### Task statement
Repeat every line from the line containing "Las Vegas Dirt Nationals" to the end of the data, exactly. Leave the pictures out.

### Available data
##########

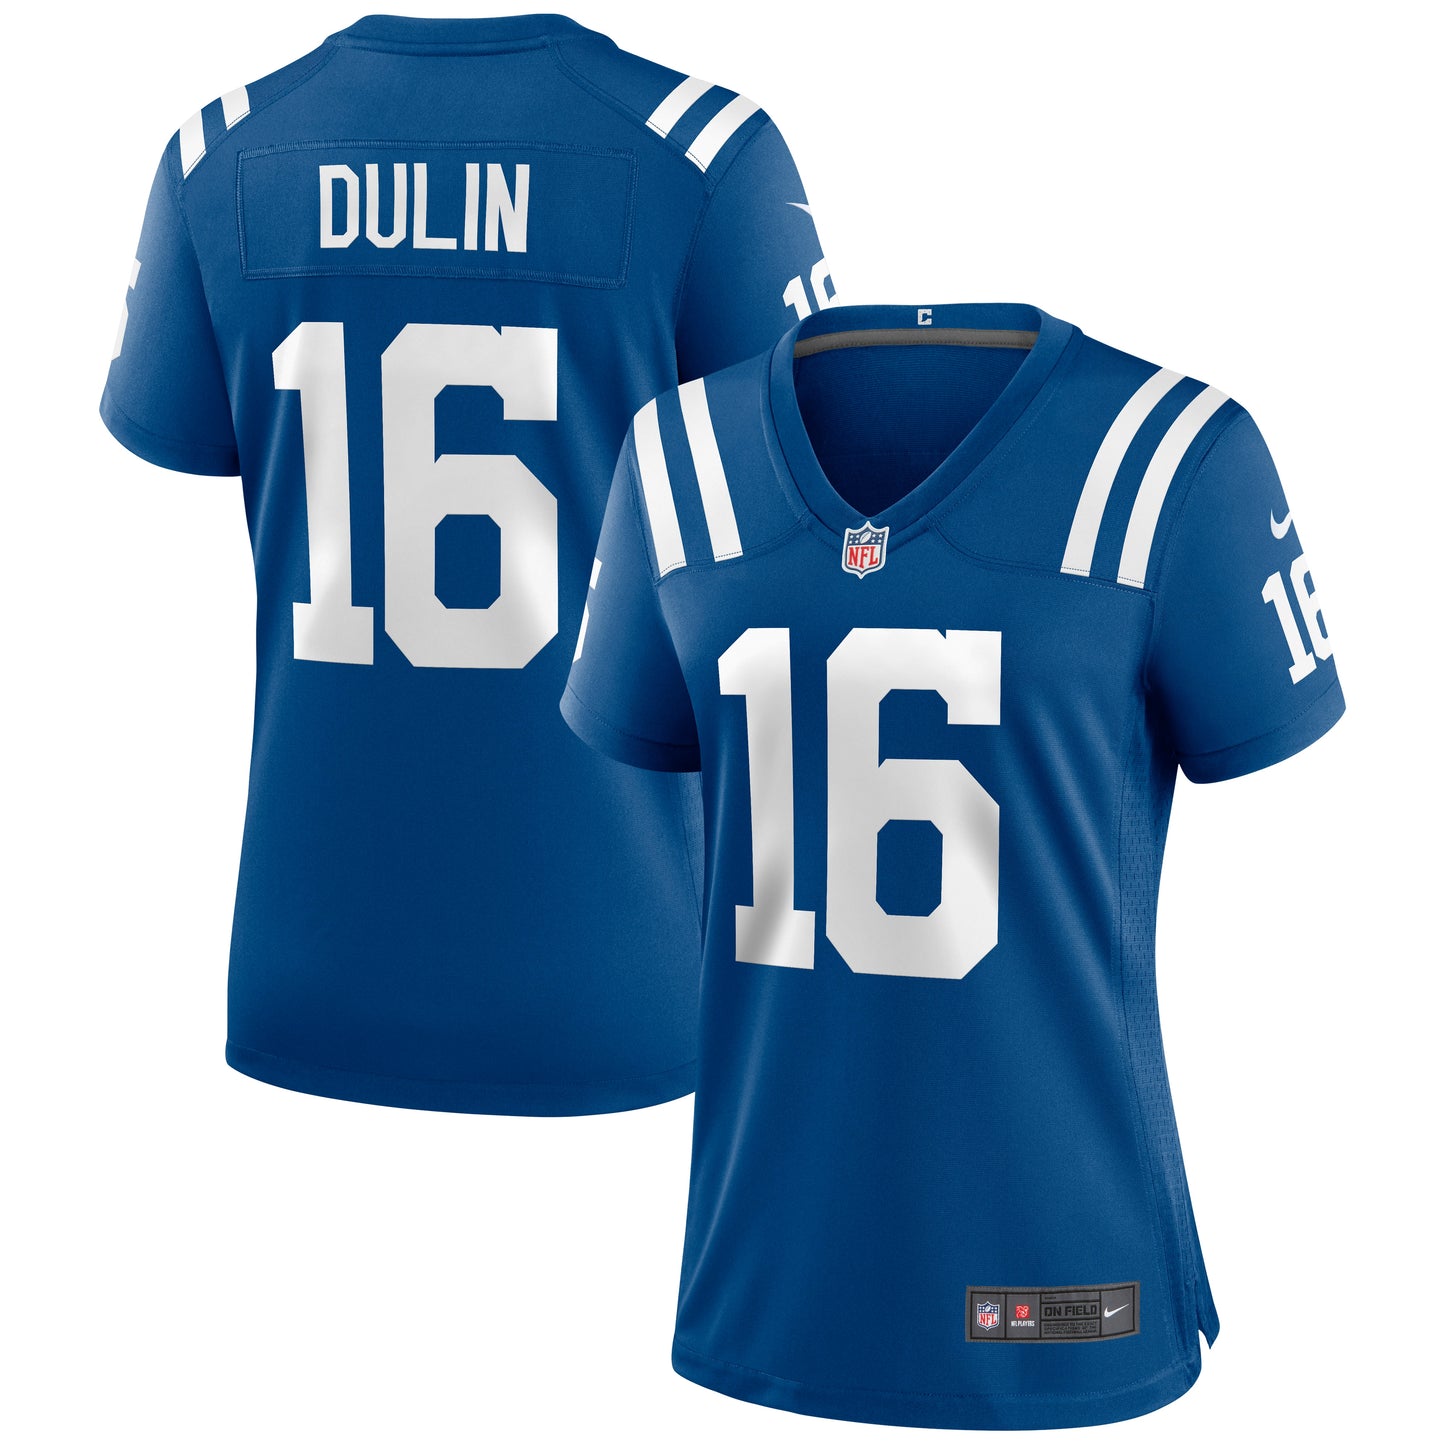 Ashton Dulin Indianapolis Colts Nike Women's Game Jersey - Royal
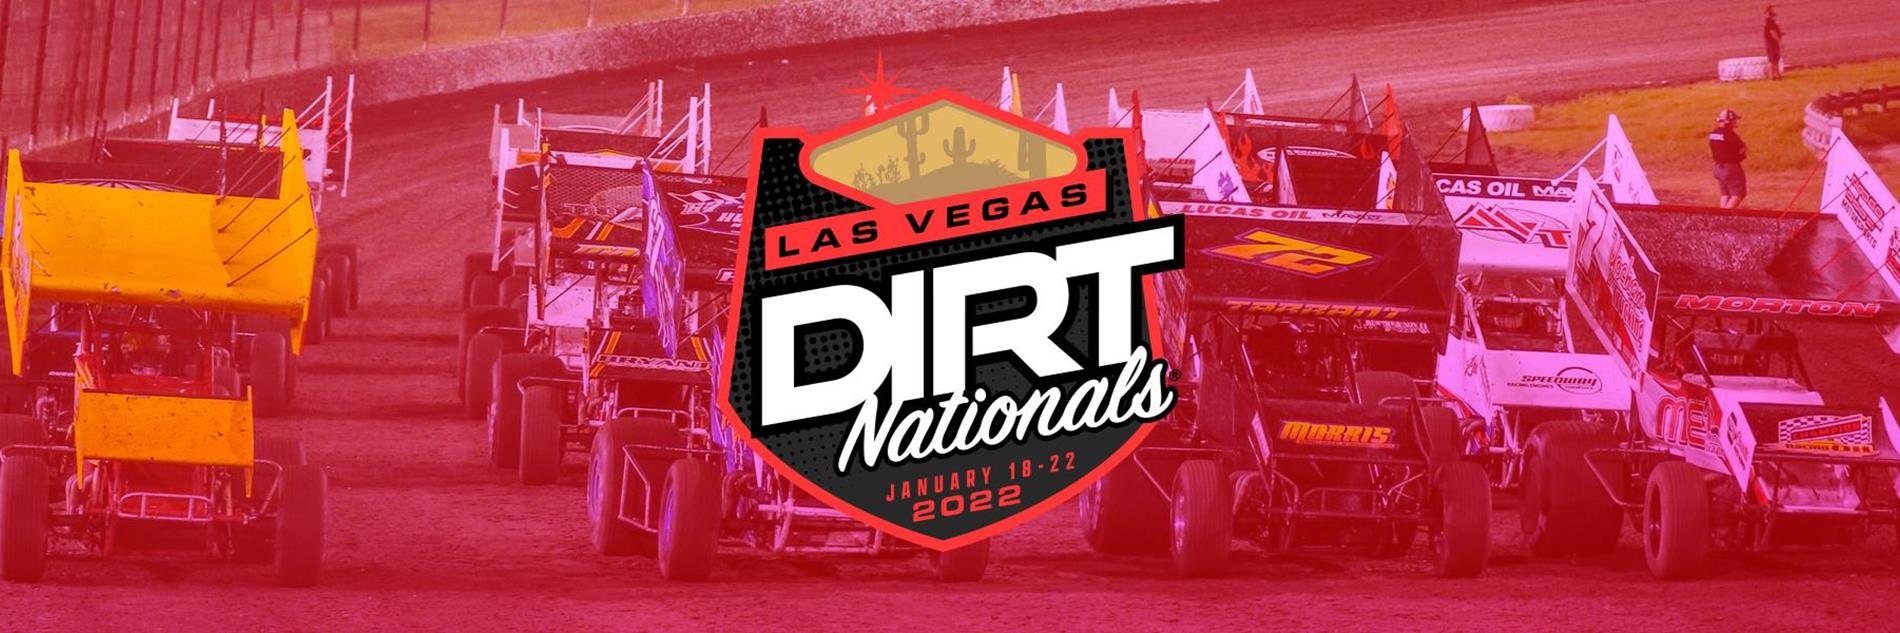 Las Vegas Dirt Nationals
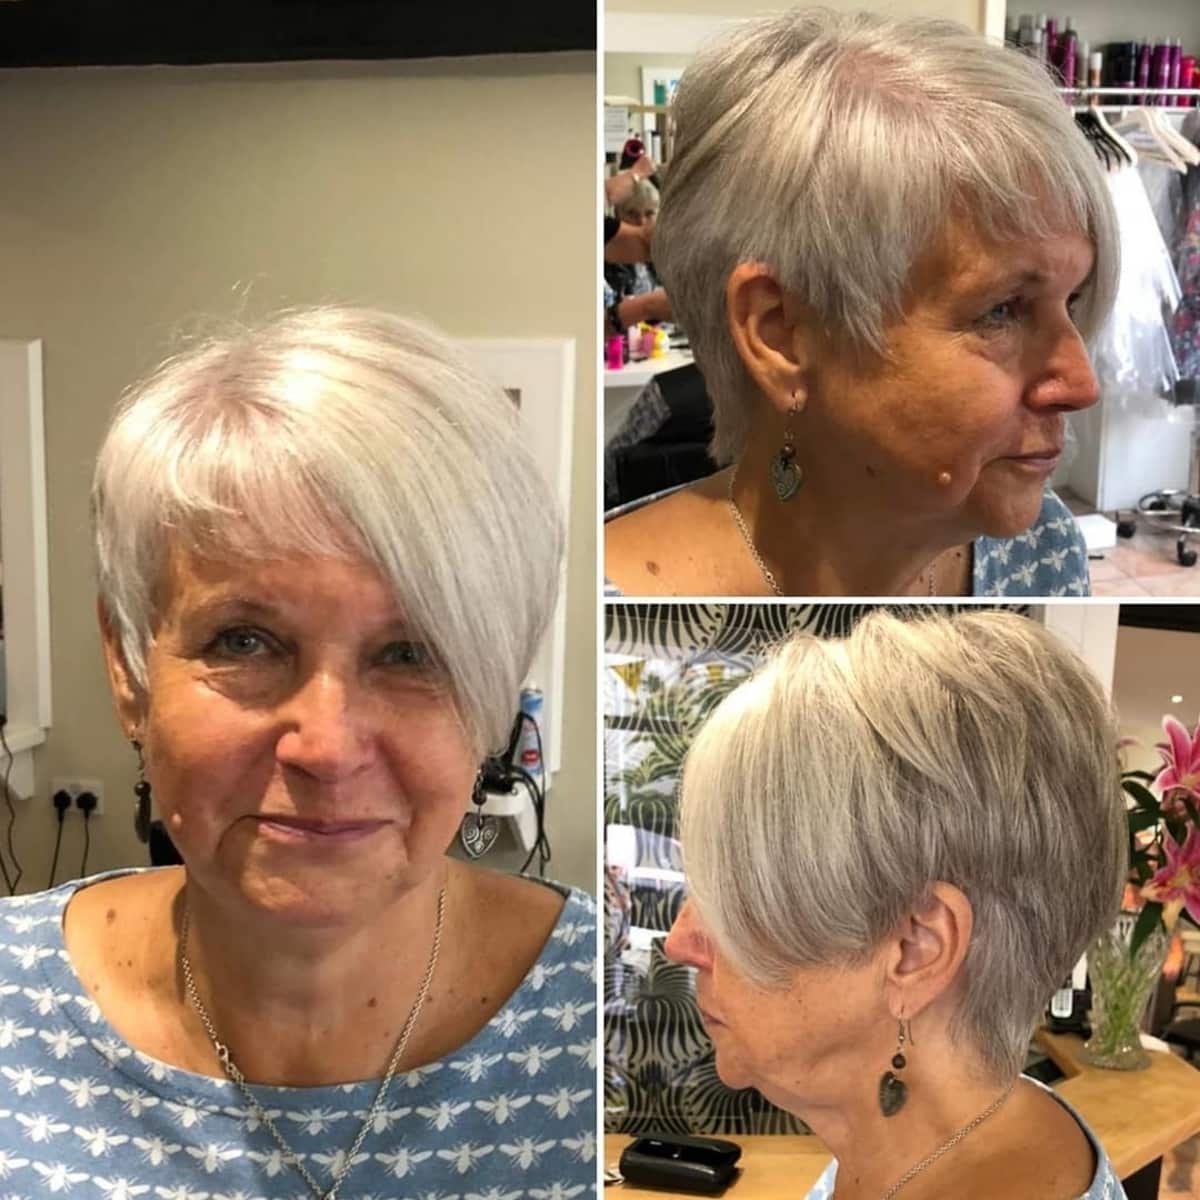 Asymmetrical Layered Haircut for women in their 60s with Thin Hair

##########

### Result for this exercise
 Las Vegas Dirt Nationals
 Asymmetrical Layered Haircut for women in their 60s with Thin Hair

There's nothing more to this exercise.